PollsterFinal TPP callActual TPPError
YouGov MRP52.9 % ALP54.8 %–1.9 pts
Roy Morgan53 % ALP54.8 %–1.8 pts
Newspoll52.5 % ALP54.8 %–2.3 pts

 

Seat projections and preference flow assumptions

YouGov’s eve-of-poll MRP projected 84 Labor seats against a range of 76 – 85. Labor looks set to finish on 94, meaning the outcome landed outside the top of YouGov’s cone, even though they called the overall result and trend towards Labor accurately.

While accurate data on preference flows is not yet available, Roy Morgan’s final poll result suggest that just using the 2022 preference flows gave more accurate predictions than going by how voters told them they would vote.

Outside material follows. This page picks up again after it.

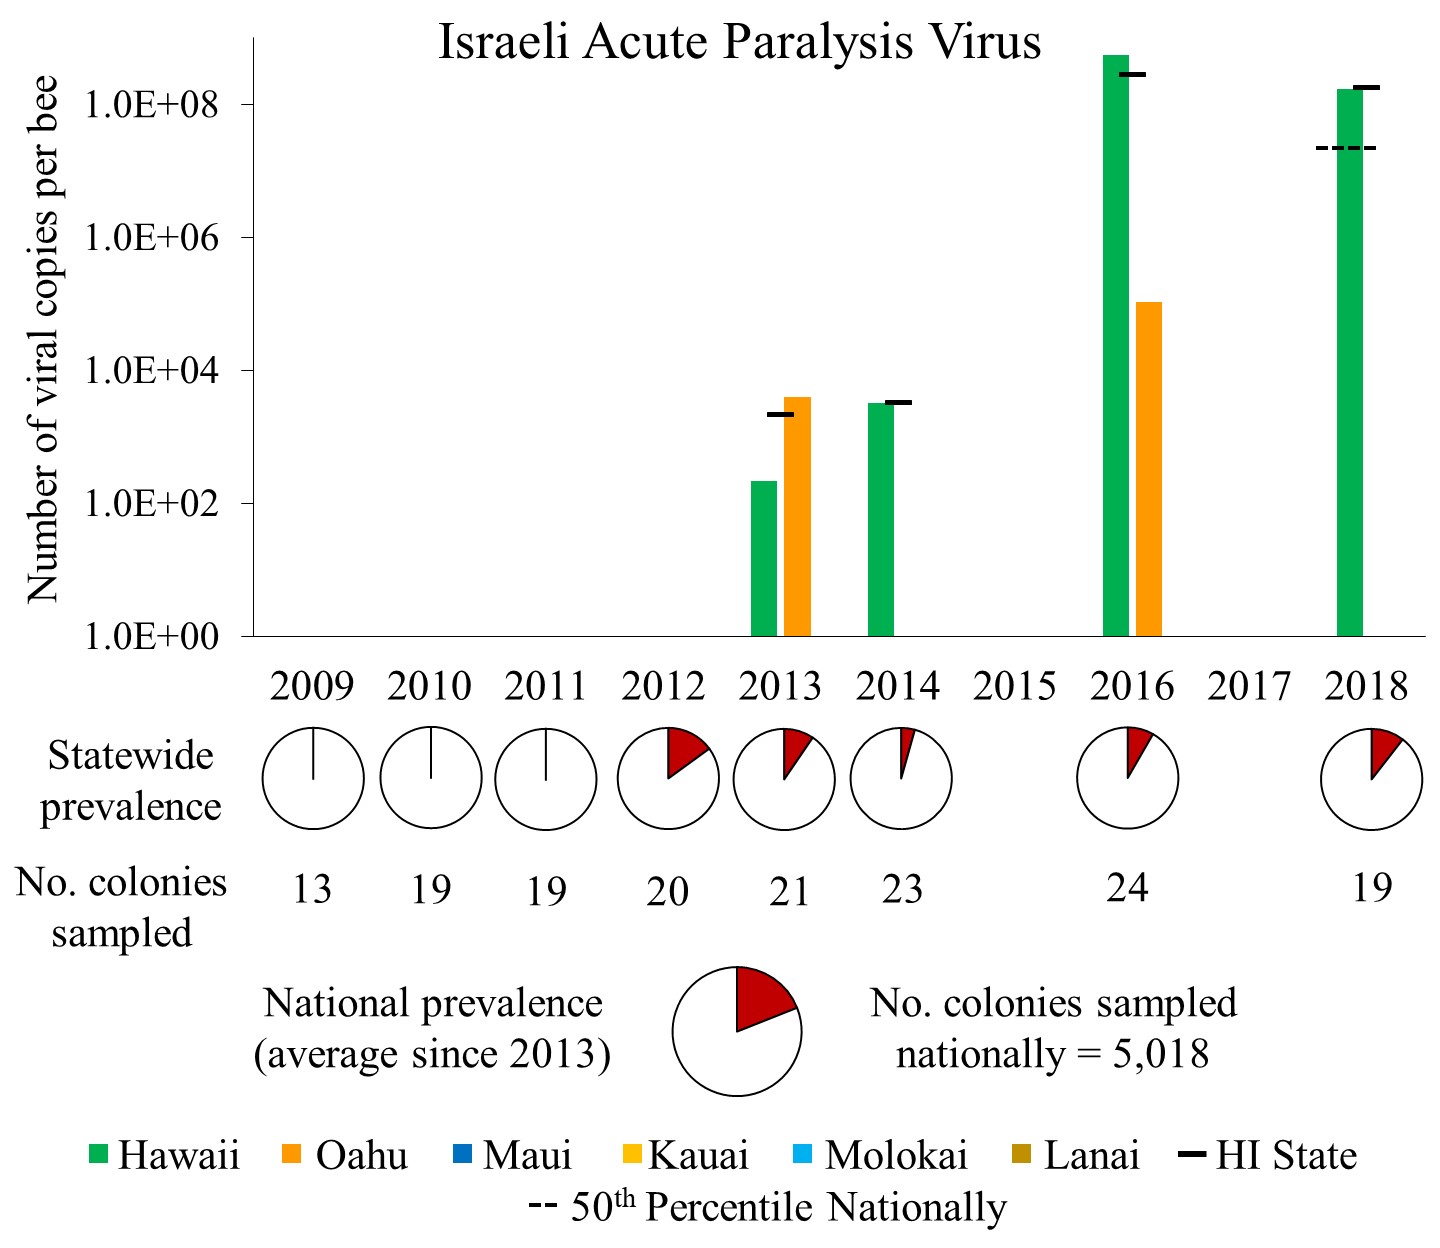 IAPV infection prevalence in Hawaii

Their final poll showed a TPP split (after preference flows) of 53% Labor and 47% Coalition. Using 2022 flows however would have given a far more accurate tally of 54% to 46%.

 

So, did the pollsters get it right?

Hits

  • Direction and magnitude: Every public series captured the general swing to Labor.
  • National error: A 1-3 pt TPP miss is comfortably within the ±3 pt benchmark used for mixed-mode national polls.
  • Transparency: All Australian Polling Council signatories released mode, field dates, weighting frame and effective n. Raw data from YouGov and Morgan are already in public repositories.

 

Misses

  • Regional Queensland & WA remain under-sampled. Online panels struggle to recruit FIFO workers and remote households as live-phone response rates there are now in the mid-single digits.
  • Three-way preference flows are still modelled with crude historical ratios. One Nation’s softer-than-expected leakage potentially knocked 0.3-0.6 pts off Coalition TPP in several seats.
  • Uncertainty communication: Media headlines still seized on single seat counts—“Labor 84 seats”—even when pollsters provided fan charts. Until graphics editors love cones more than dots, mis-framing will persist.

 

Why 2025 ≠ 2019

Three factors broke the jinx.

  1. Education weighting removed the tertiary-skew that over-stated Labor six years ago.
  2. Probability-based online panels were used more prevalently by more pollsters.
  3. Mandatory disclosure under the Polling Council code squeezed out quiet convergence or “herding”.

 

 

Lessons for 2028

Oversample the periphery

A 400-respondent booster across regional Queensland and WA adds roughly AU $15 k to a national tracker yet halves the effective error on parties hovering around 10% share. That is cheaper than re-building credibility after another geographic miss.

 

Model preferences dynamically

Seat-level how-to-vote trackers—weekly during the final fortnight—would have spotted the Greens’ drift back to Labor and One Nation’s softer hold on its voters. That data can feed MRP priors or Bayesian latent-class models at trivial marginal cost.

 

Show the cone, not the dot

Fan charts, probability density ridges, even humble ±1 SE bars—anything beats a monochrome seat number. If we want editors to stop “calling” the election prematurely, we have to provide graphics that make ambiguity visually intuitive.

 

Remember polls are diagnostic tools

The value to campaigns, brands and investors lies in turnout propensity modelling, issue salience and trend spotting. Whether Bennelong falls by 412 or 732 votes is of tactical interest on election night; it is far less useful than knowing that under-40 women swung five points in the last fortnight because of housing affordability.

 

Overall – a job well done

On the fundamental question—were the polls accurate?—the honest verdict is “much improved, still improvable”. A sub-three-point national error, primary-vote bias of roughly one point and an MRP seat range that contained the result mark polling’s best federal performance in over a decade. Yet the misses, while narrower, cluster in familiar blind spots: remote regions, three-way preference mosaics and the final-week surge of younger renters. Locking in the gains of transparency and mixed-mode sampling, while doubling down on regional boosters and seat-level preference intelligence, is the industry’s homework before 2028. Do that, and we can finally lay the ghost of 2019 to rest.